◆ Task details: Please reproduce all of the data exactly as it appears, but skip the pictures.

◆ Source material:

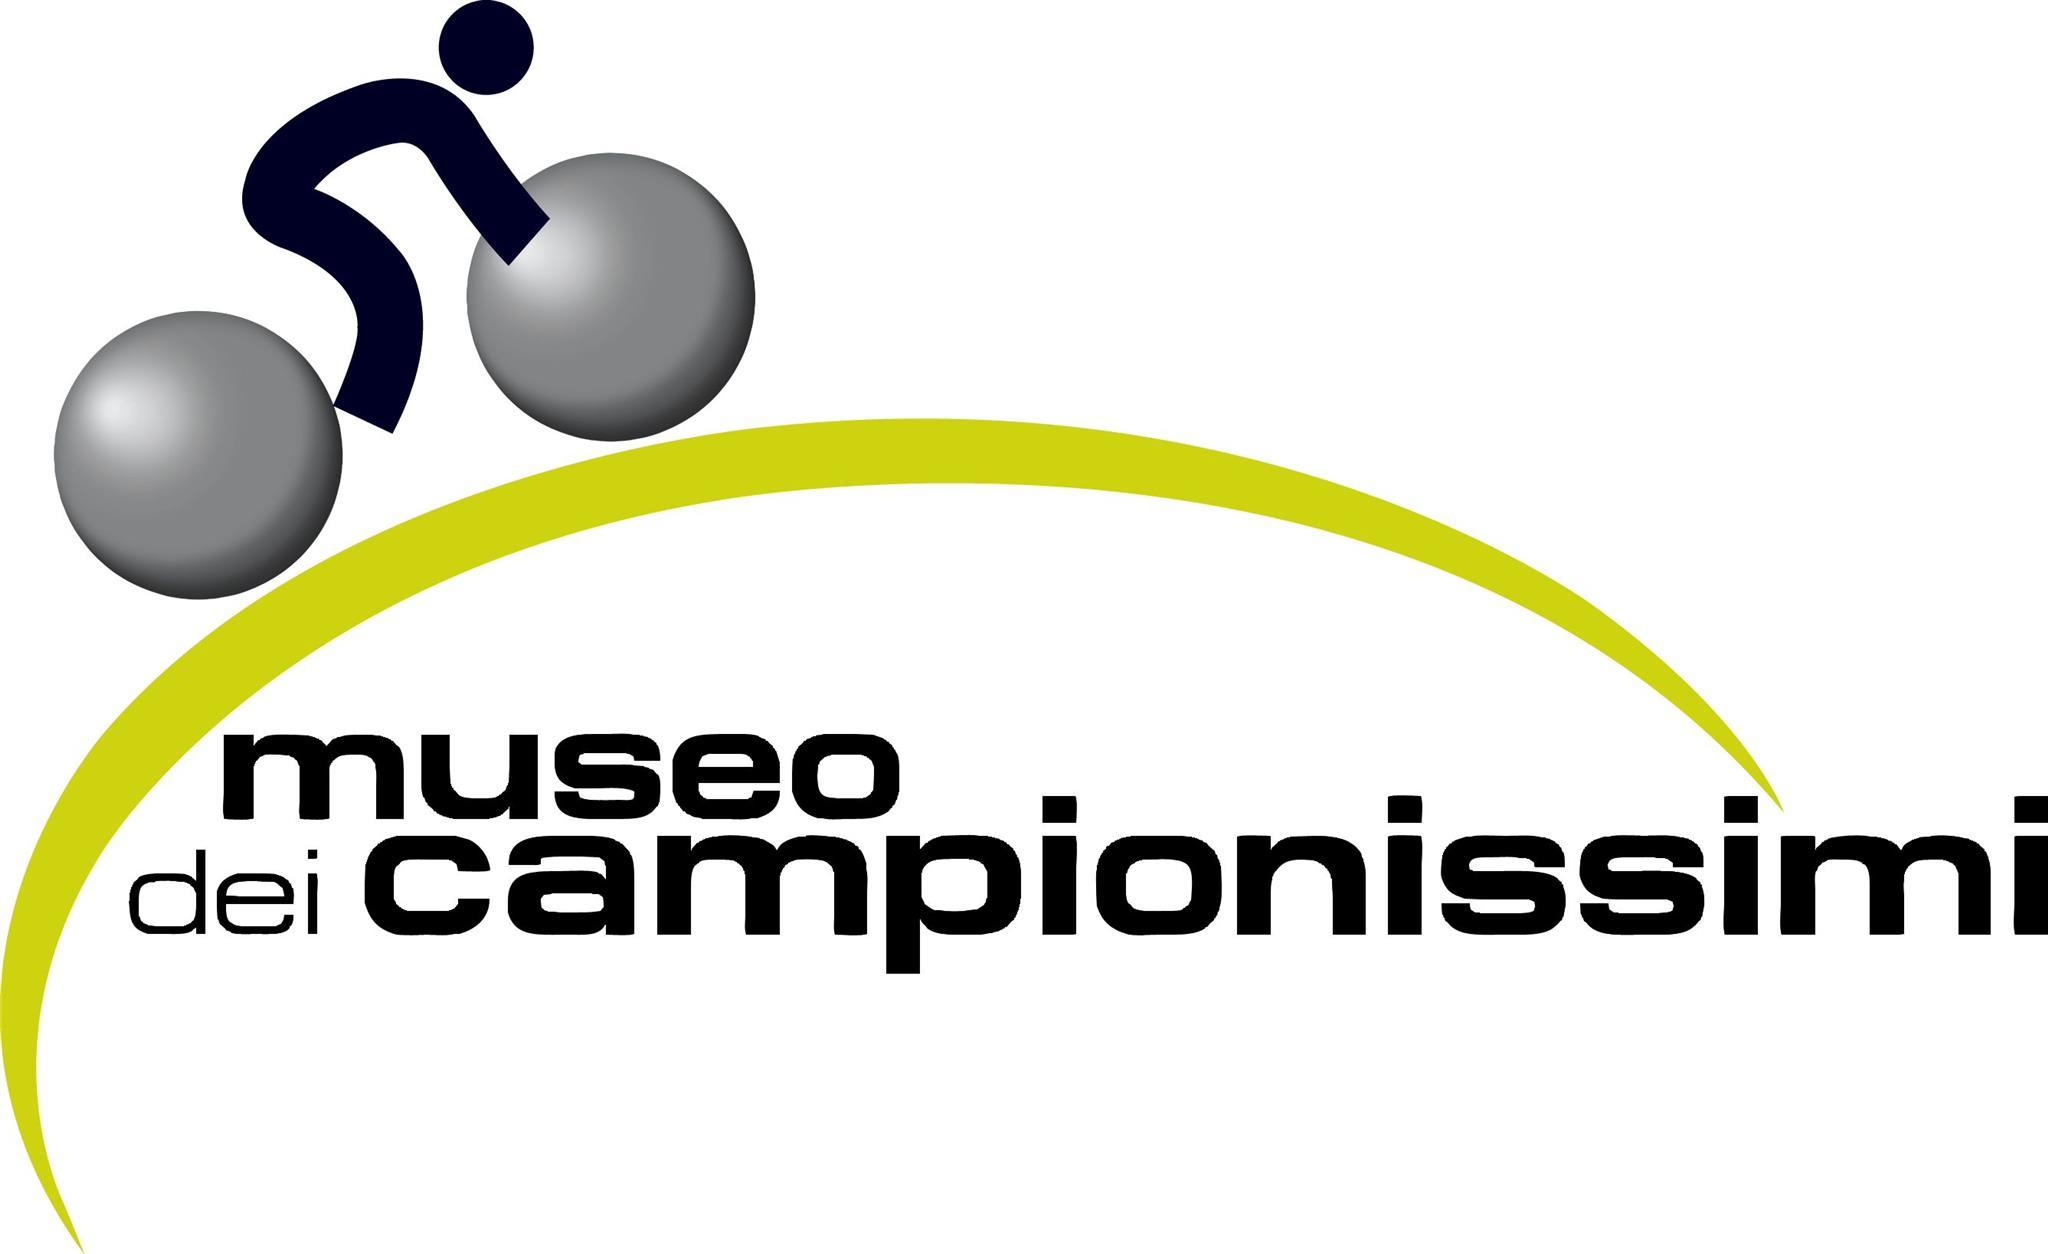 Museo di Campionissimi
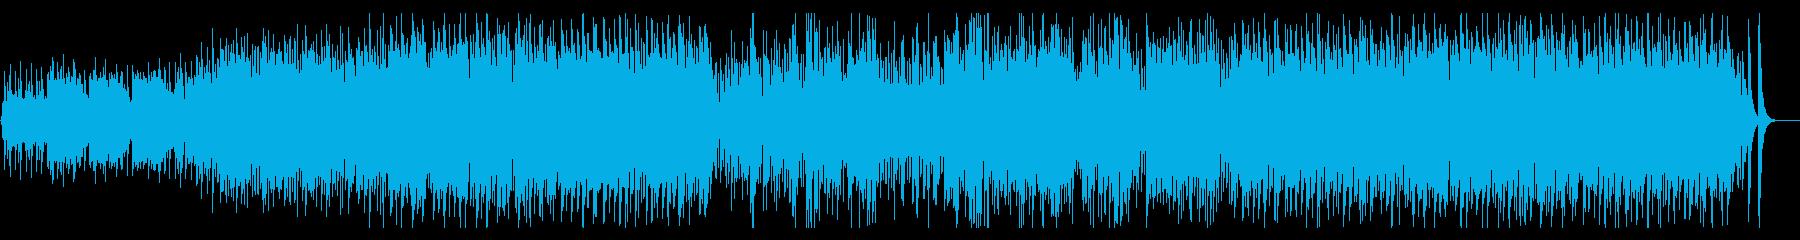 のんびりとした牧歌的な日常曲の再生済みの波形
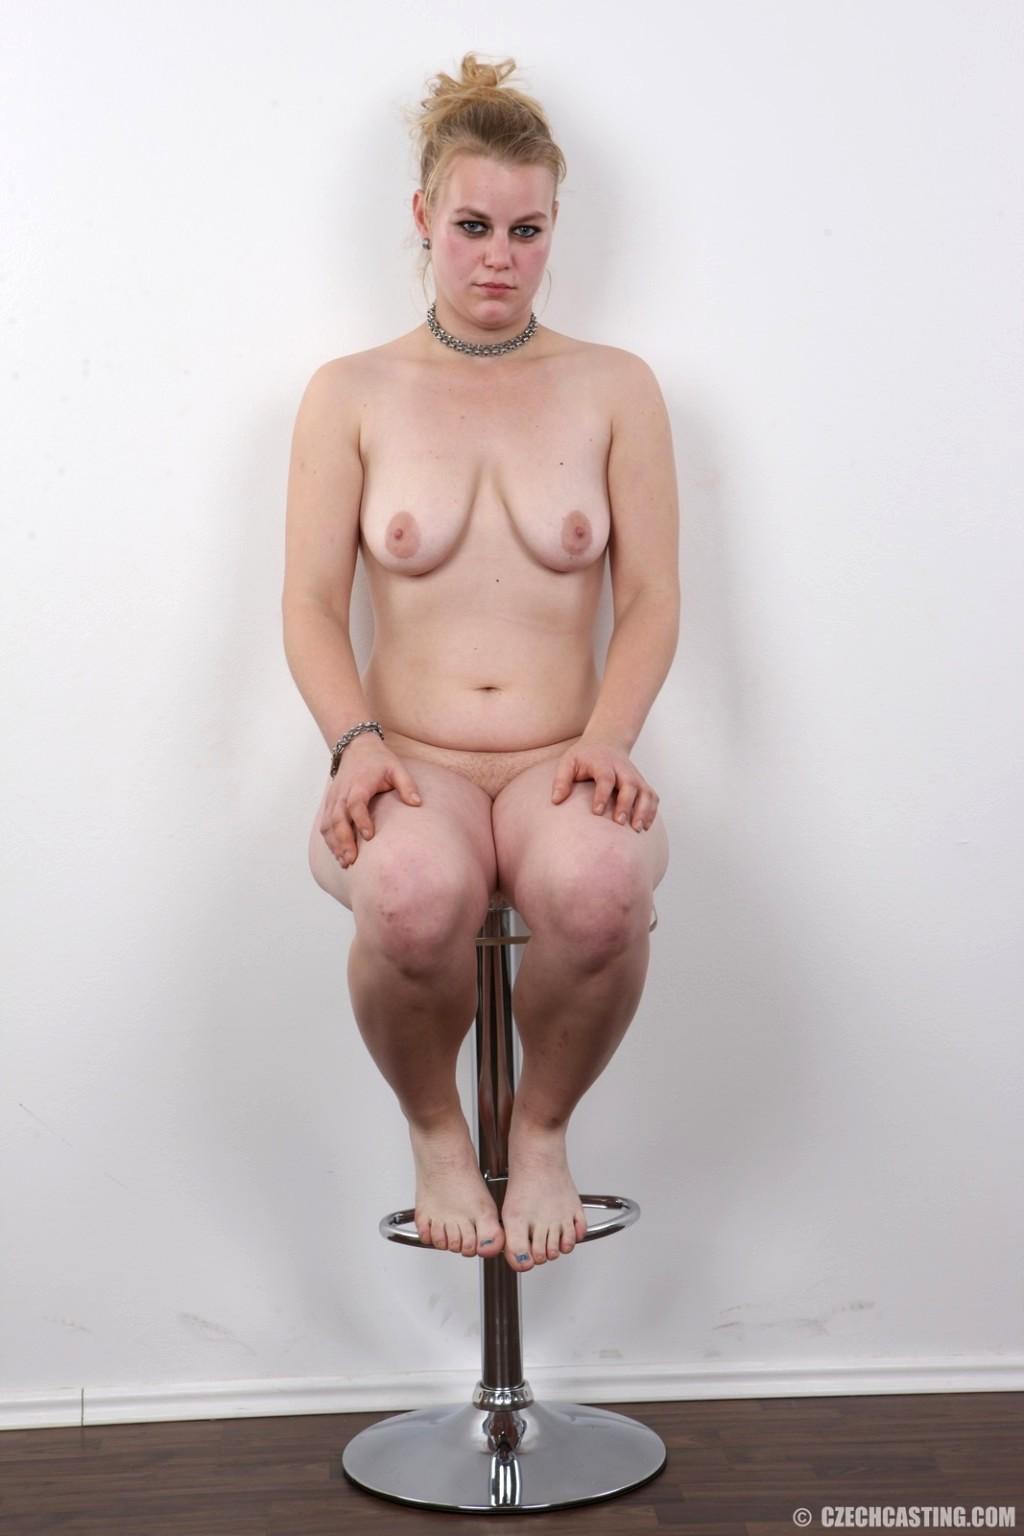 video porno lesb videoporn italiano

◆ Answer box:
 Museo di Campionissimi
 のんびりとした牧歌的な日常曲の再生済みの波形
 video porno lesb videoporn italiano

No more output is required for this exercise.